"Ini semua karena kau!" hardiknya tiba-tiba.
Aku bahkan sampai meloncat mundur saking terkejutnya. "Apa salahku?" ucapku tak terima.
"Seharusnya kau tidak terlambat!"
Bibirku menipis seketika. Demi Tuhan, aku hanya terlambat satu menit dua puluh detik saat tiba di kamar ini. Lagipula, dia tahu darimana sih?
"Jika kau tidak terlambat, dia tidak akan bisa masuk ke kamar ini," dengkusnya.
"Apa hubungannya?" gerutuku jengkel. Kenapa dia harus marah? Bukannya ia senang karena baru mendapat service memuaskan dari wanita itu.
"Sudahlah! Cepat kerjakan tugasmu, Pelayan Bodoh!" umpatnya kesal.

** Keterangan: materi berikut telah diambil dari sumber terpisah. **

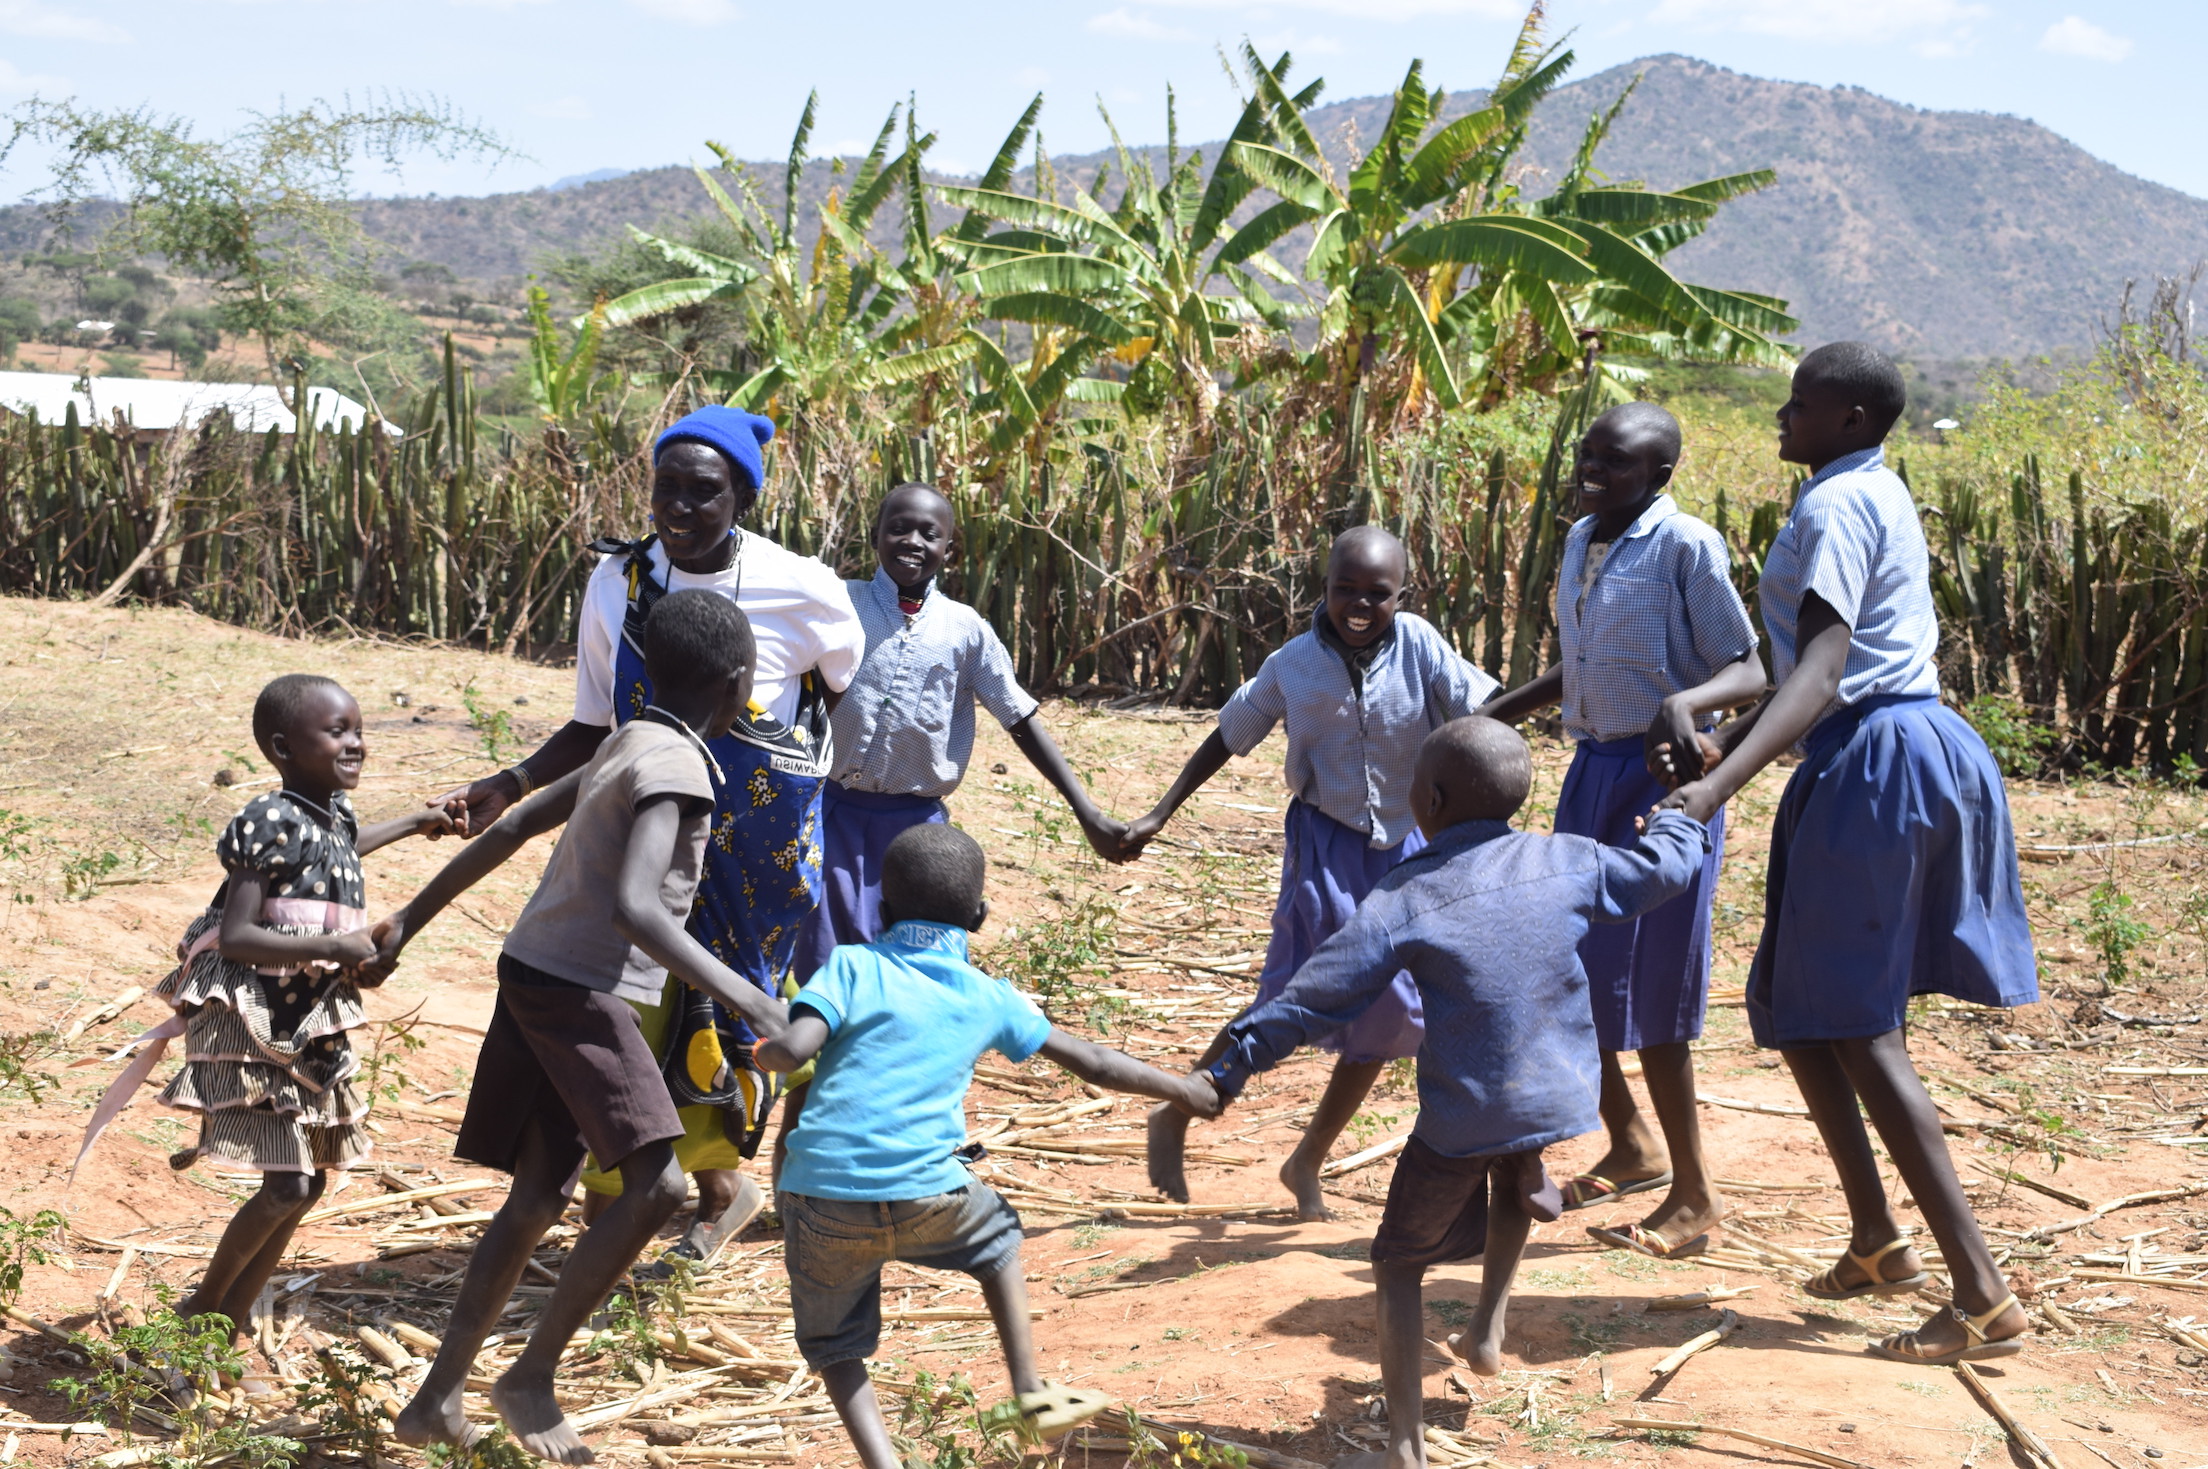 Chepurai playing with her grandchildren at Sook in Kenya's West Pokot County. She has protected them from FGM. ©World Vision/Photo by Sarah Ooko.

Apa? Dia mengatai aku bodoh? Dasar pria tua bangka kurang ajar, otak m***m dan menyebalkan.
Kuhentakkan kaki sekencang mungkin agar ia menyadari aku sedang kesal padanya. Tapi, sialnya bayi tua itu malah tak peduli dan kembali membaringkan tubuh dengan sangat santai di atas ranjang.
Aku meletakkan tas berisi bekal makananku di atas meja, lalu berjalan ke kamar mandi untuk menyiapkan keperluan tuan besar yang sangat terhormat itu. Setelah selesai semuanya, aku keluar dan hendak melapor padanya.
Namun, betapa terkejutnya aku saat mendapati pria bertubuh besar yang hanya mengenakan celana ketat sepaha itu sedang membaui kotak bekalku.
"Hei, apa yang anda lakukan?" tanyaku spontan.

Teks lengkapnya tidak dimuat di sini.